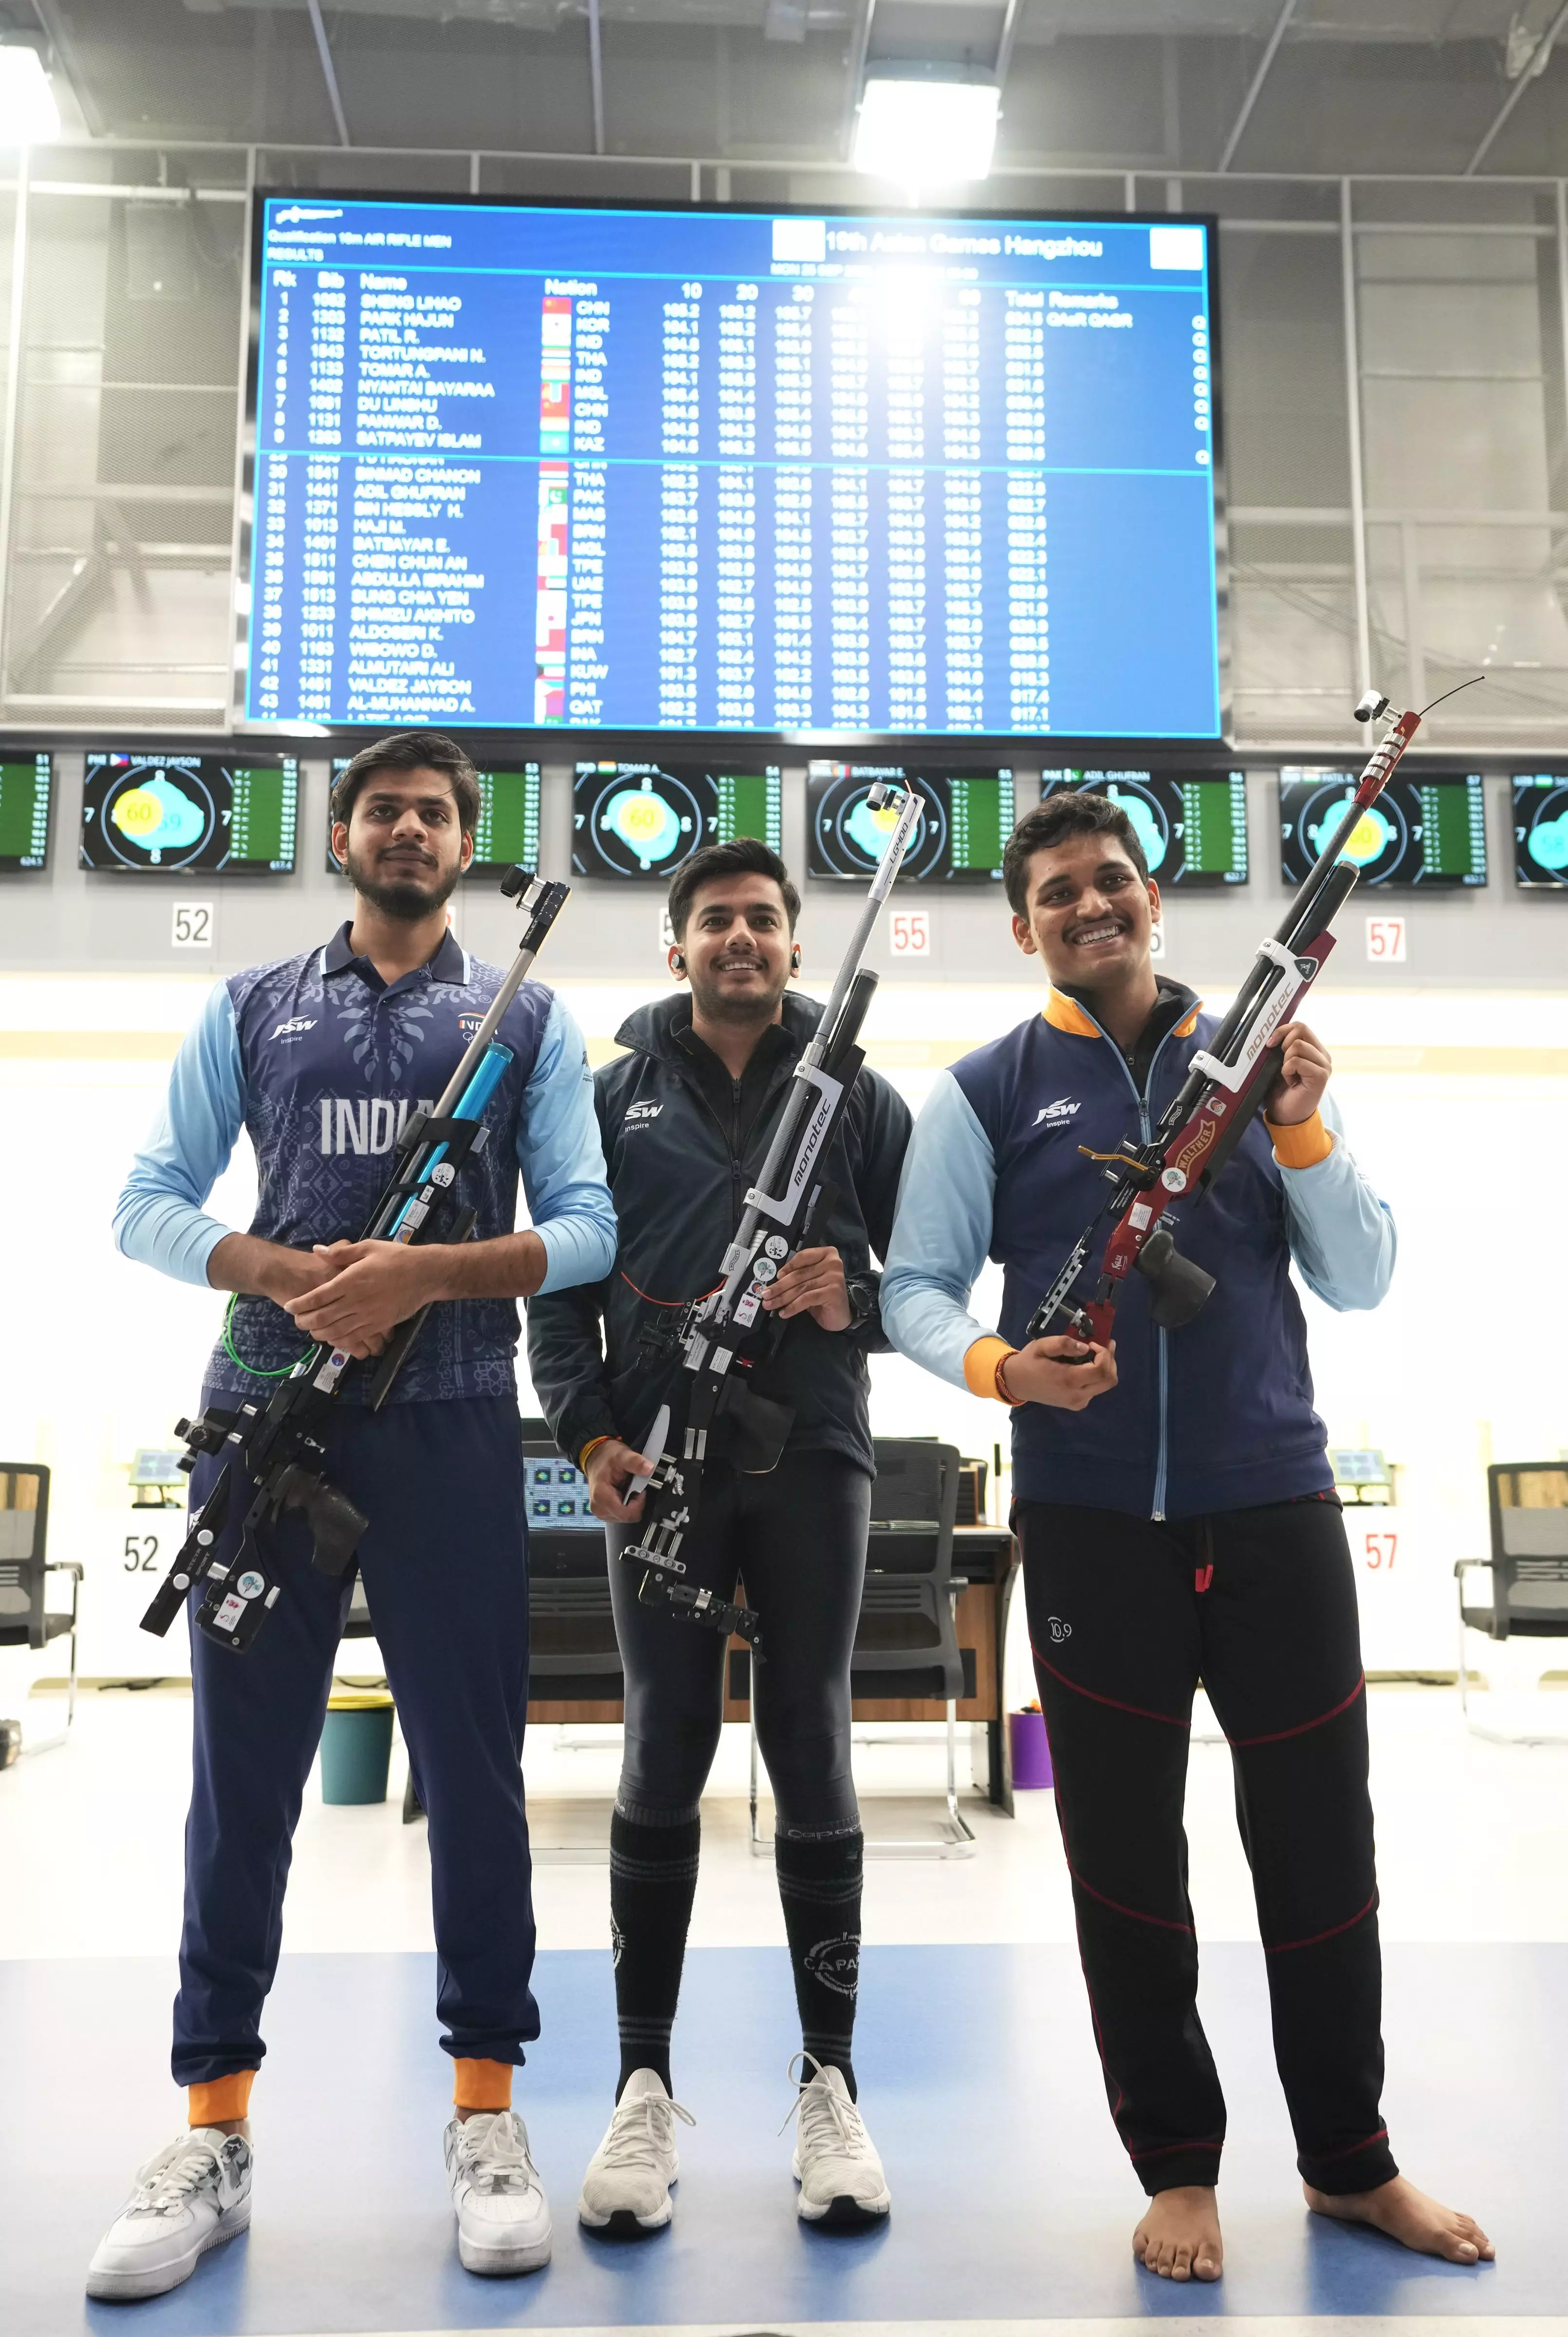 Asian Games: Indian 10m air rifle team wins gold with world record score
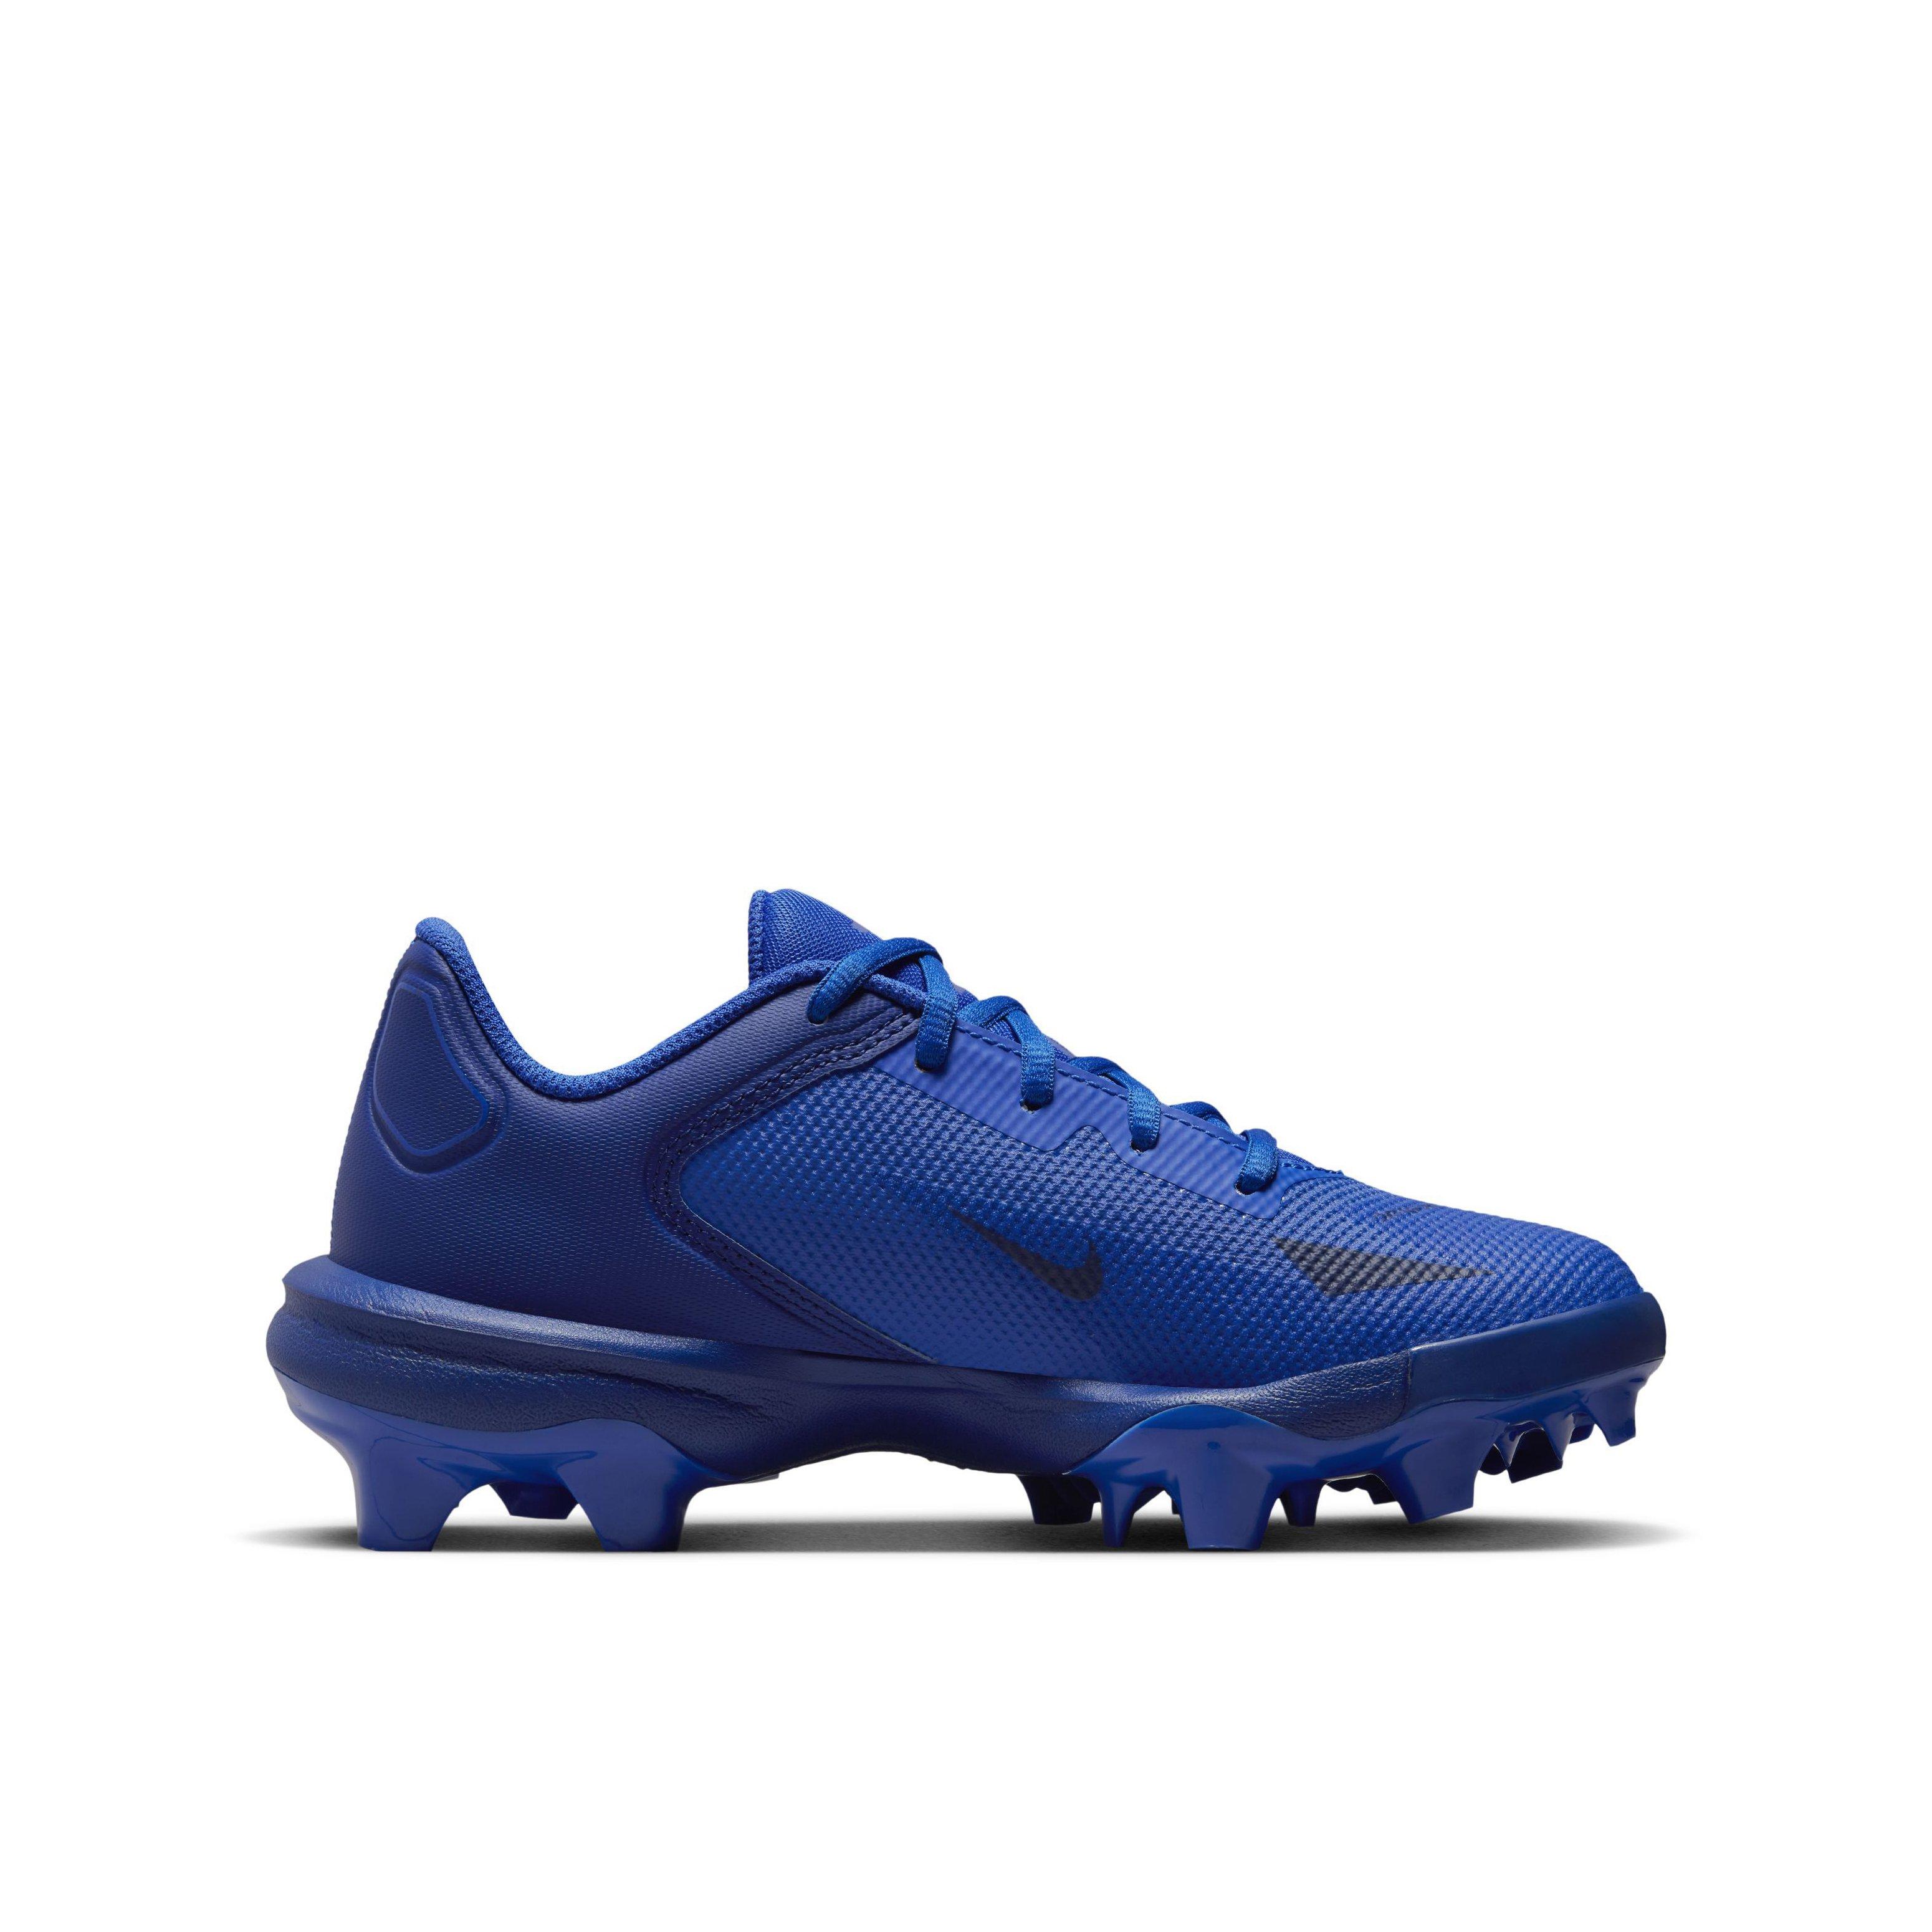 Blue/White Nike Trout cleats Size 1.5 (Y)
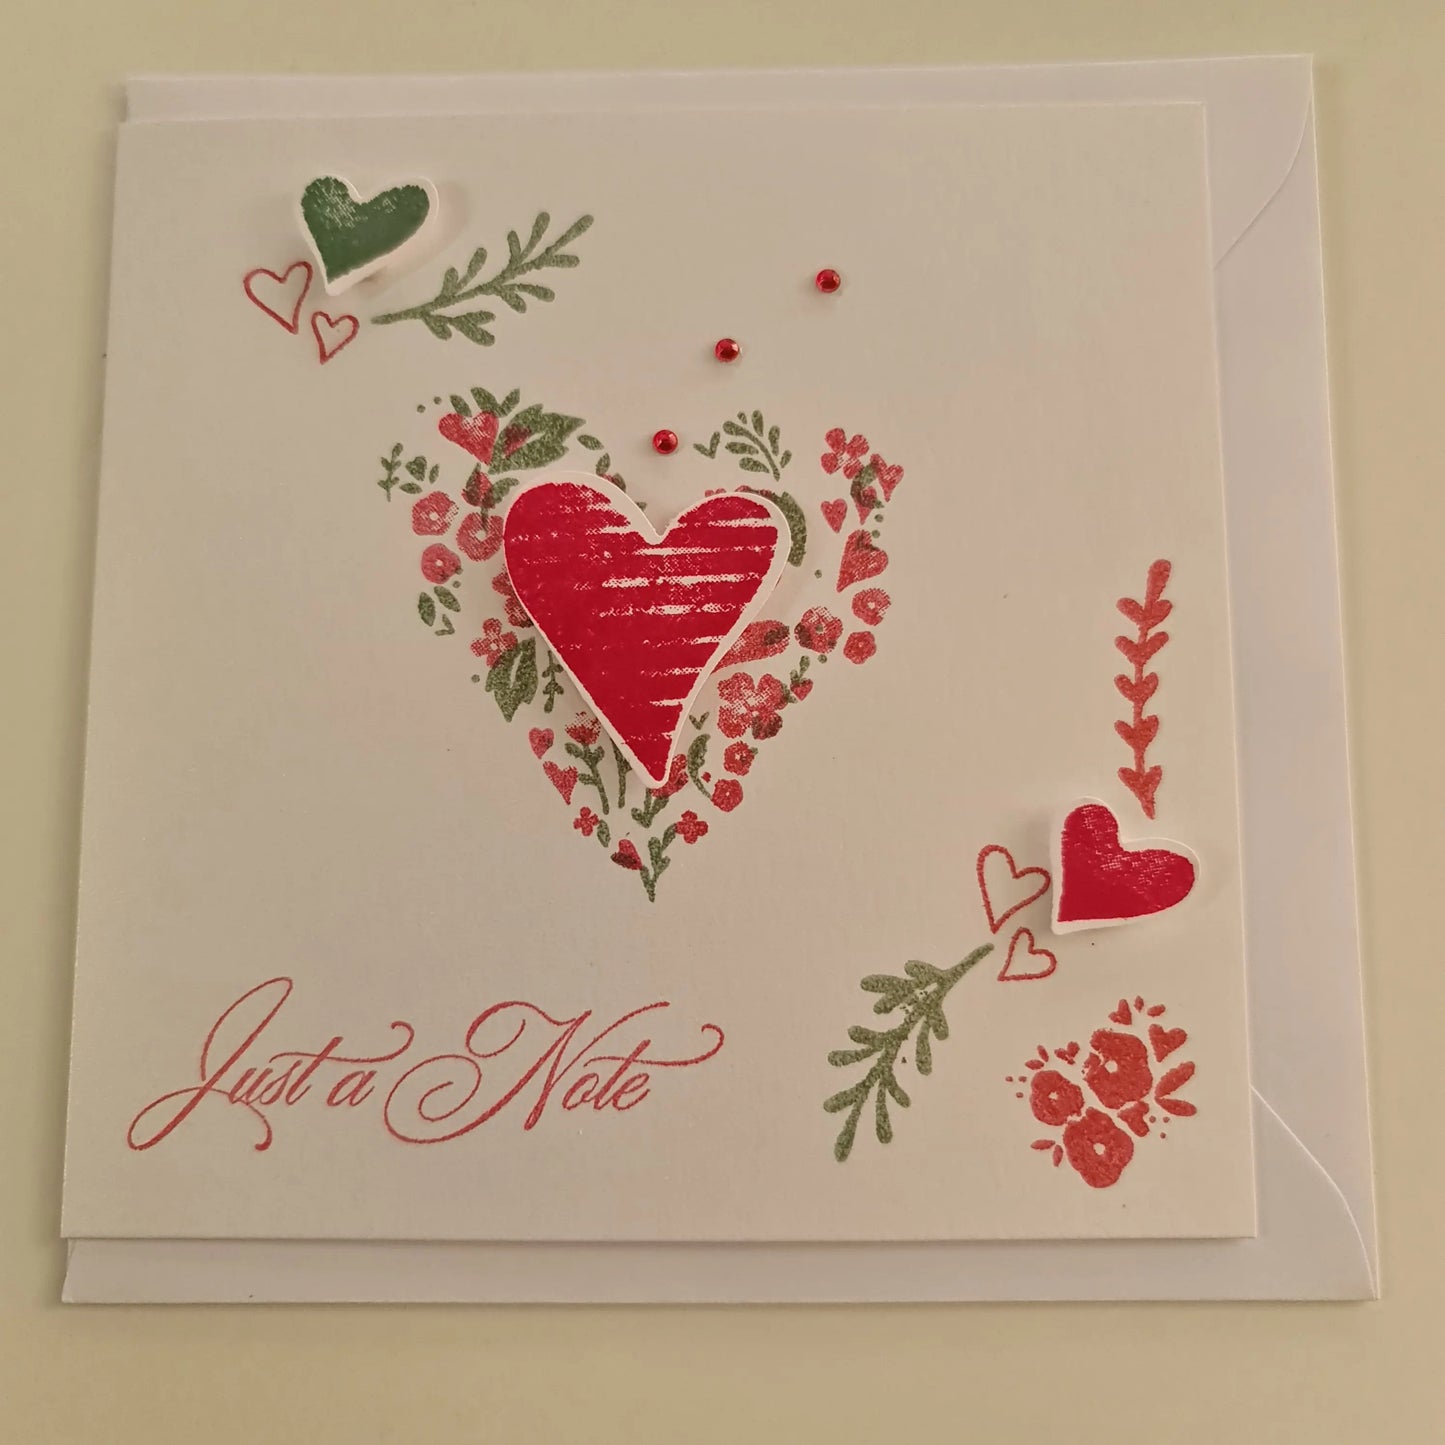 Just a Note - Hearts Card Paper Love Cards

**********

■ **What you will do**:
Write the material above out again exactly. Omit every image.

■ **Result below**:
 Asian Games: Indian 10m air rifle team wins gold with world record score
 Blue/White Nike Trout cleats Size 1.5 (Y)
 Just a Note - Hearts Card Paper Love Cards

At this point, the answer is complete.